Volume 5, Issue 6, December 2016, Page: 78-86
Estimation of Discharge Using LS-SVM and Model Trees
V. G. Sayagavi, Civil Engineering Research Center, Datta Meghe College of Engineering, , Navi Mumbai, India
Shrikant Charhate, Department of Civil Engineering, Pillai HOC College of Engineering & Technology, Rasayani, India
Rajendra Magar, Department of Civil Engineering, AIKTC School of Engineering & Technology, New Panvel, India
Received: Aug. 28, 2016;       Accepted: Oct. 13, 2016;       Published: Nov. 7, 2016
DOI: 10.11648/j.wros.20160506.11      View  3581      Downloads  152
In planning and management of any water resource systems prediction or estimation of runoff over the catchment is considered as a crucial factor. Many researchers over the past two decades addressed these problems by traditional methods as well as with some new techniques. This paper is describable and is focused on the capability of some data driven techniques such as Least Square Support Vector Machines (LS-SVM) and Model Trees with M5 algorithm. These methods were used to estimate runoff of various stations in the catchment area in Upper Krishna basin, Maharashtra State, India, and discussed here two stations namely Shigaon and Gudhe. The specialty of these catchment areas is Shigaon has large area and Gudhe has small area. This was done to see the model performance in both conditions. Additionally metrological data was used in the process to see the performance of models.

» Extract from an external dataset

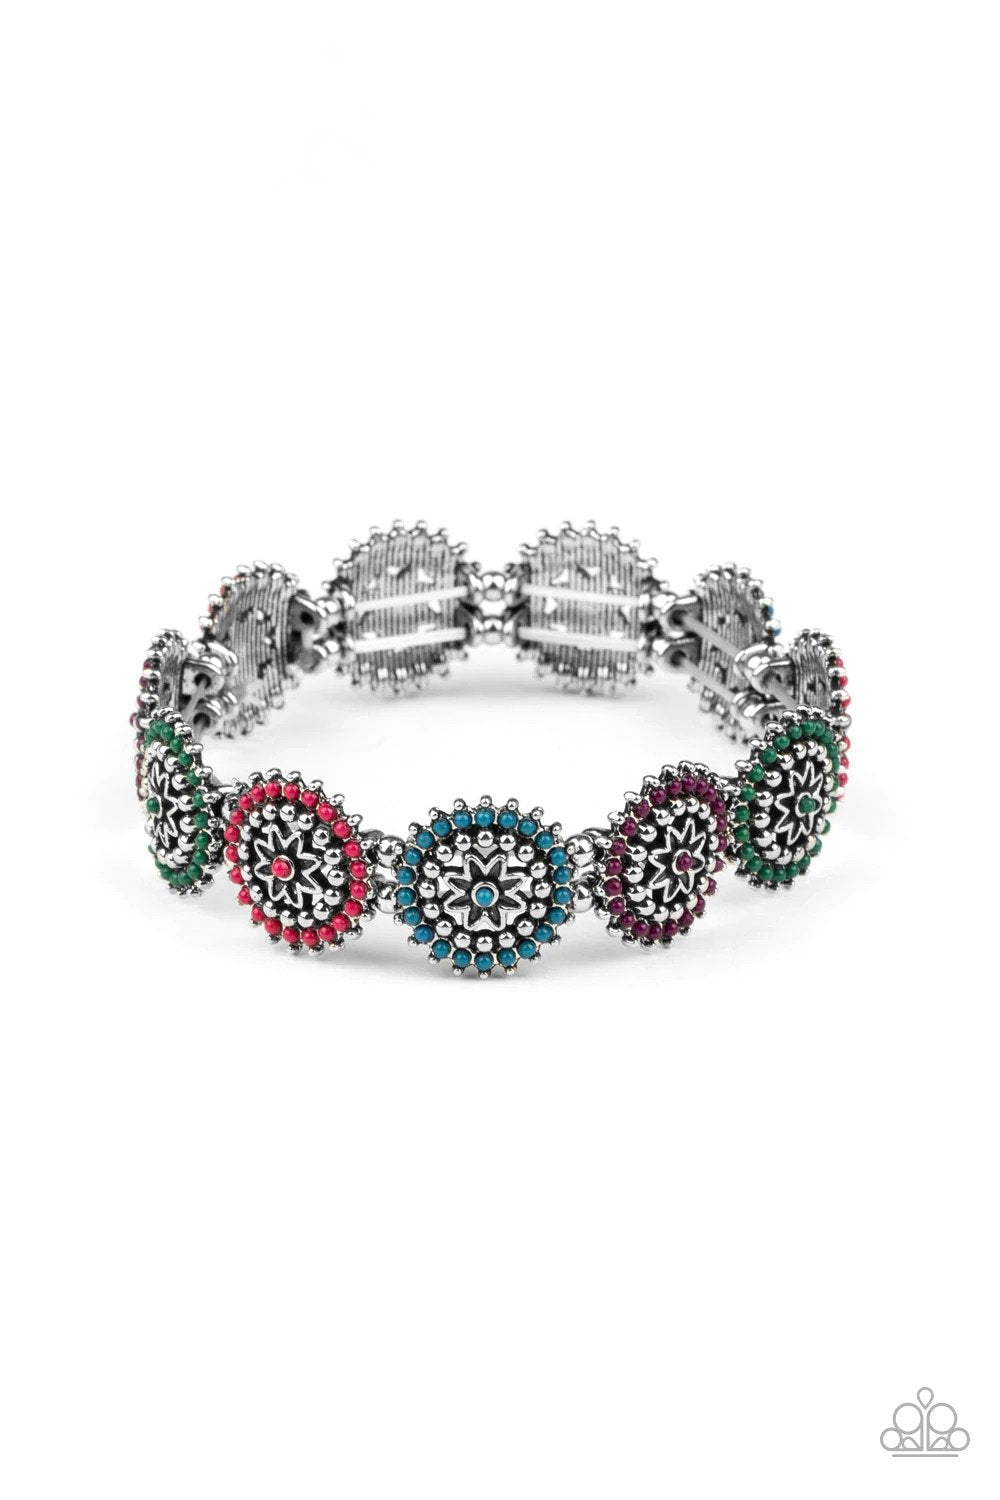 Bohemian Flowerbed Multi Bracelet- lightbox - CarasShop.com - $5 Jewelry by Cara Jewels

The quantitative analysis was carried out to check the performance of the accuracy by considering standard statistical performance evaluation metrics and the scatter plots are drawn for evaluating qualitative performances of the developed models. The effect of the various metrological parameters as an input parameter for the rainfall was also investigated.The performance of both the tools was judged with various performance measures and it is found that the results are quite encouraging. LS-SVM models performed better since it has captured all the higher peak discharges for both catchments, indicating LS-SVM is best suited for large sized catchments and MT tool is best suited for the smaller sized catchments. However LS-SVM performance is better as compared to MT as modeling approaches are examined, using the long-term observations of yearly river flow discharges.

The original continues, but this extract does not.